I've seen a lot of love the last few days around the cities of Italia. I've seen it in the old couples drinking espressos with their tea. I've seen teenagers hanging around each other like necklaces. I've seen fathers carrying their kids' backpacks, and I've seen the love of a dog for their human. It's been really beautiful to watch these couples around me. It's also made me miss the people I love, my family, my boyfriend, my friends, and of course, my dog, but as Italy does, it only makes you love those people more. I got the chance to see love letters in Verona that people wrote to Juliet about their loved ones. Sometimes about love itself. Other times about love of oneself. Often times asking for advice on their love.
I've always been a sucker for love letters. That's because maybe I've always been a sucker for love. But love is hard and I love that a community can get together to help each other feel less lost. The way the letter system works is that someone drops a letter off in one of the boxes around the city of Verona, tucks a letter to the Juliet wall, or one mails a letter to the Club dei Guilette in Verona where a group of volunteers reads the letters and then responds as if they were Juliet. The volunteer then puts the letter in a box to be scanned and saved in the archives. Now if you've seen, "Letters to Juliet" with Amanda Seyfried, then you know how this works and if you haven't, go watch it. It's a really cute romantic comedy (I'm also a sucker for those).
They allow any volunteers to come and respond any time they are open. I was lucky enough to catch them and was able to read the letters from people around the world who wanted to tell Juliet their story or ask Juliet for advice. The experience drew me back to my first love who was already on my mind since a loved one of his recently died, and my current love who is always on my mind. I won't disclose exactly what these letters I responded to said, but they were all-encompassing and very lovely, and also hard to read because I could so closely feel connected to their stories. They could be so similar to what I'd gone through. It was so hard to respond without a serious bias on their relationships.
Oftentimes I found myself back in my high school boyfriend's house with him as he tended to his steers and I tried to learn what I could about them. I'd say it was a first love because I'd never felt like I did with him. I thought it would last forever and I think he did, too, until I went away to college. It was the first love and as all-consuming and beautiful as it was, it ended. We became different people and that's not a bad thing. We're both really happy now being friends and better off for it.
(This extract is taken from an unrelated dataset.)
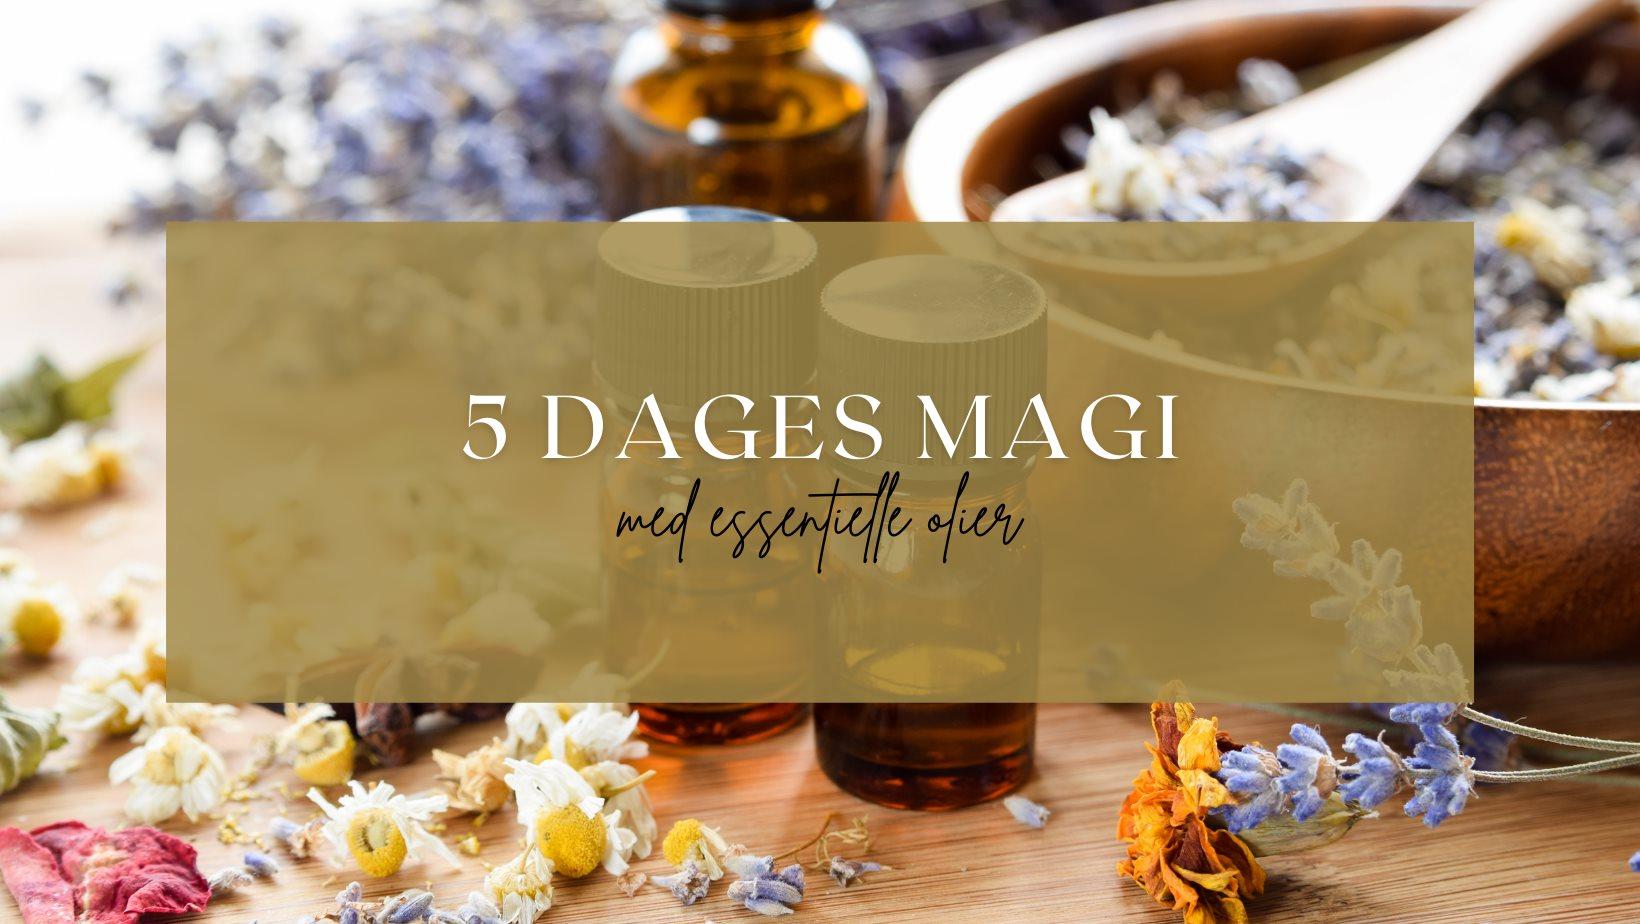 5 dages magi

But the girl who wrote me about her first love put me in a place I hadn't been in a long time. And I wish I could thank her for it. Instead I told her, as Juliet would, how beautiful first loves are and how devouring they can be. I told her I was rooting for her and her partner, however if things didn't work out, as high school relationships sometimes don't, she would find love again. Maybe in a partner, but I really hope she falls in love with herself.
I fell in love with myself finally, and I even fell in love with someone else again, too. In the process of dating and not dating, I learned so much about myself and who I wanted to be. I learned to love myself and that was the greatest love I've had. Don't get me wrong, I love my boyfriend. He's great and amazing and so supportive of everything I do. But I don't know how real our love might be if I hadn't learned how to love myself first.
I hope those letters keep getting answered. And I hope that girl finds my (or Juliet's) advice to be really helpful. Maybe she will, maybe she won't, but it was so healing to think about all the love I've given and all the love I've given to myself and others over this small span of twenty one years. It was really lovely to be tucked away in Juliet's Club in a small hidden building in Verona. I stumbled upon that little writing room almost like others stumble upon love.
Write to Juliet for some advice. The women who volunteer there are really lovely and have great advice to give.